No surgical patient wants to experience, or remember, the details of their operation, and the drugs given to put patients to sleep generally work nicely to create a blank slate in the mind for anything that happened after the anesthesiologist told the patient to start counting backward. But not always.
As many as 1 in 100 patients reports afterward that he or she was awake during the surgery, and can recount details of what was heard that make it clear it wasn’t a dream. The psychic injury is worse because the paralysis that accompanies anesthesia usually means that aware patients can do nothing to signal to the doctor that they can hear what is going on.
Sometimes these patients are psychologically traumatized enough (with post-traumatic stress disorder) that they end up in the office of a malpractice lawyer like me, asking if they have a legitimate claim against the anesthesiologist or the surgeon.
The answer to that question is “Probably not,” according to the latest research.
The problem is that while anesthesiologists have a rough idea of which patients are at high risk, nobody knows how to guarantee, or even improve the odds, that “intra-operative awareness” will not occur.
A study published this week in the New England Journal of Medicine assessed two possible ways of cutting the risk of intra-op awareness. One involved monitoring brain waves. The other involved measuring the concentration of anesthetic gases being exhaled by the patient. The study found that neither clearly worked, although there were fewer reports of intra-op awareness in the patients whose anesthetic gas levels were monitored.
You would think that if someone is awake by mistake during surgery, it means they weren’t given enough anesthesia. But you would be wrong, according to the experts. Despite decades of research, we don’t know that much about consciousness and memory, and their relationship to general anesthesia. And the ability to figure out during surgery who might still be awake when they look asleep is surprisingly rudimentary.

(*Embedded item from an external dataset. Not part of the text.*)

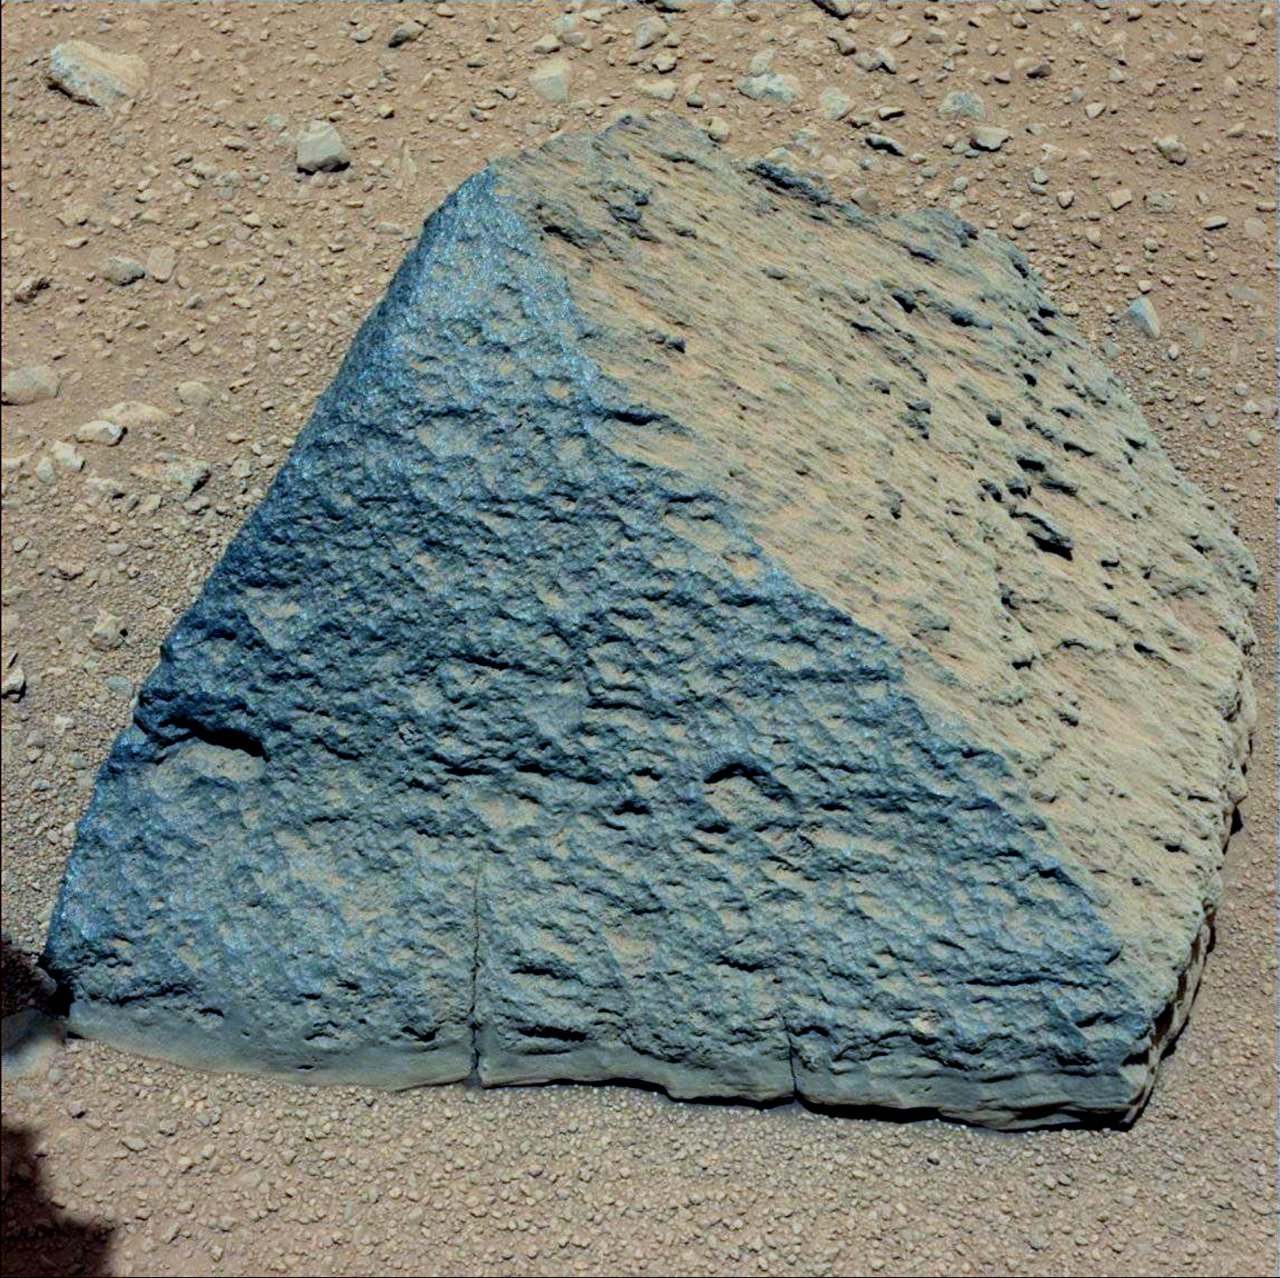 Zdjęcia z powierzchni Marsa 17
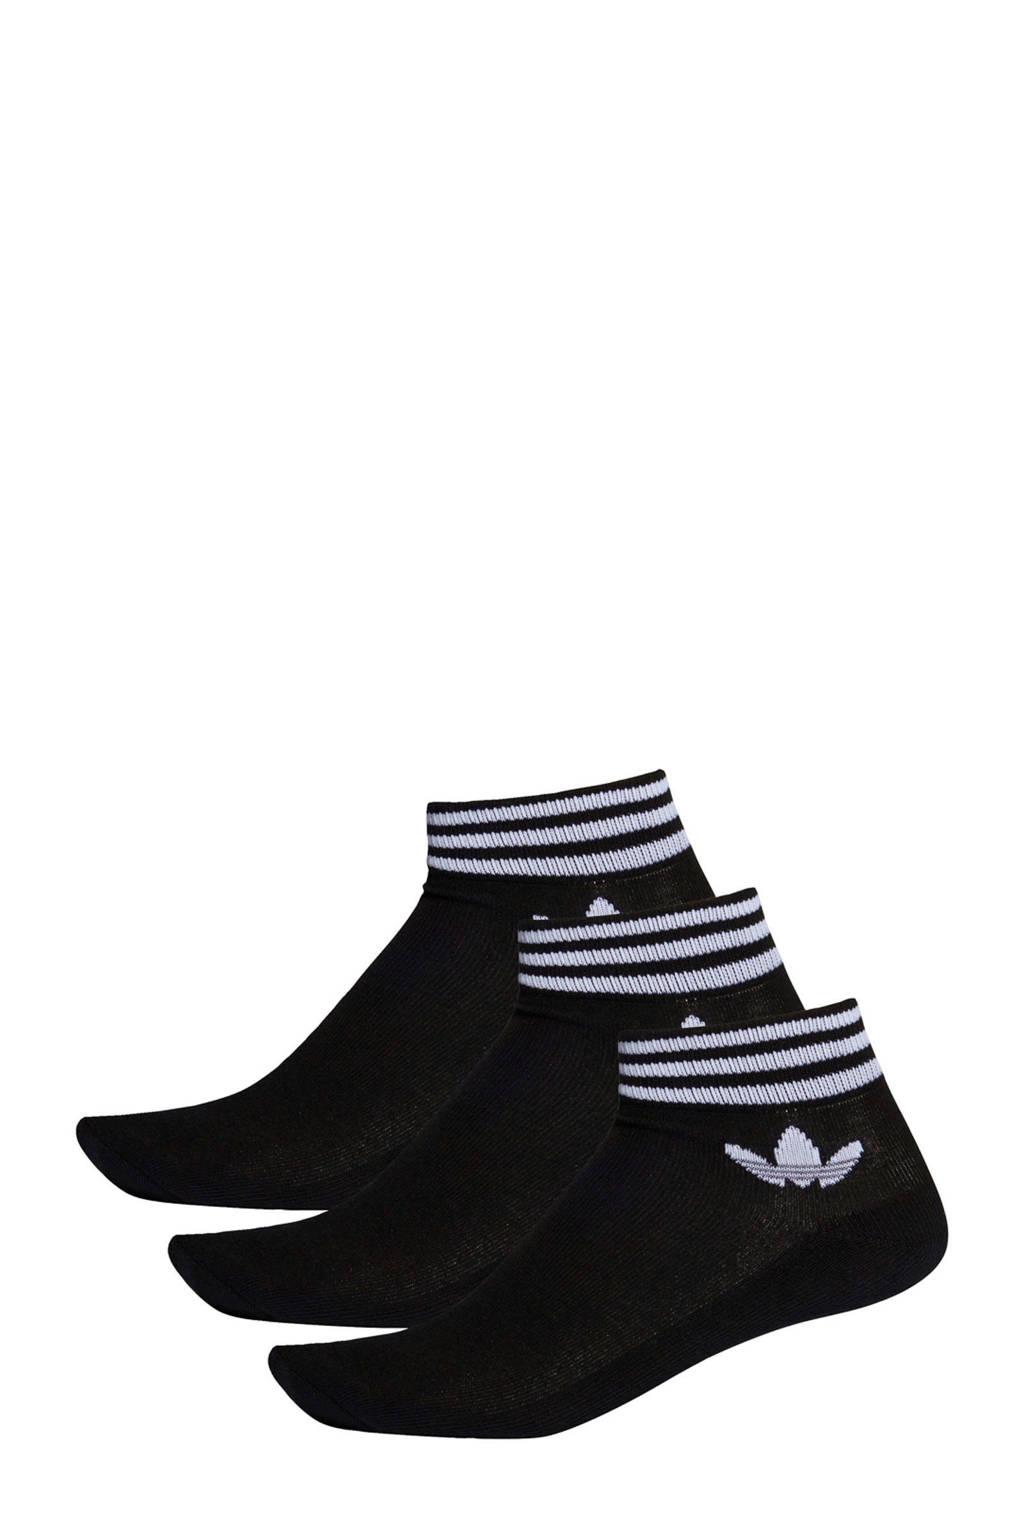 adidas Originals   Adicolor enkelsokken (set van 3) zwart, Zwart/wit

Here’s the conclusion of an editorial on the subject that was also published in the NEJM, written by Gregory Crosby, M.D., an anesthesiologist at Brigham & Women’s Hospital in Boston:
Monitors are meant to supplement, not supplant, clinical decision making, and depth-of-anesthesia monitors that reduce complex neurobiology to simple numbers are no exception. It is unreasonable to expect any such monitor to unfailingly detect conscious awareness – a specific and still mysterious property of the brain and mind – and neither patients nor physicians should think otherwise. Notwithstanding this and other weaknesses of current devices, a window into the anesthetized brain, albeit a foggy one, may still be useful, in conjunction with information from other monitors … as a generic, all-purpose index of the brain’s response to powerfully sedating drugs. Whether these devices add value in this way remains to be seen, but when minding the mind during sedation and general anesthesia, a little insight into how the brain is reacting is apt to be better than none, especially if it challenges historical ways of gauging anesthetic depth and catalyzes the search for something better.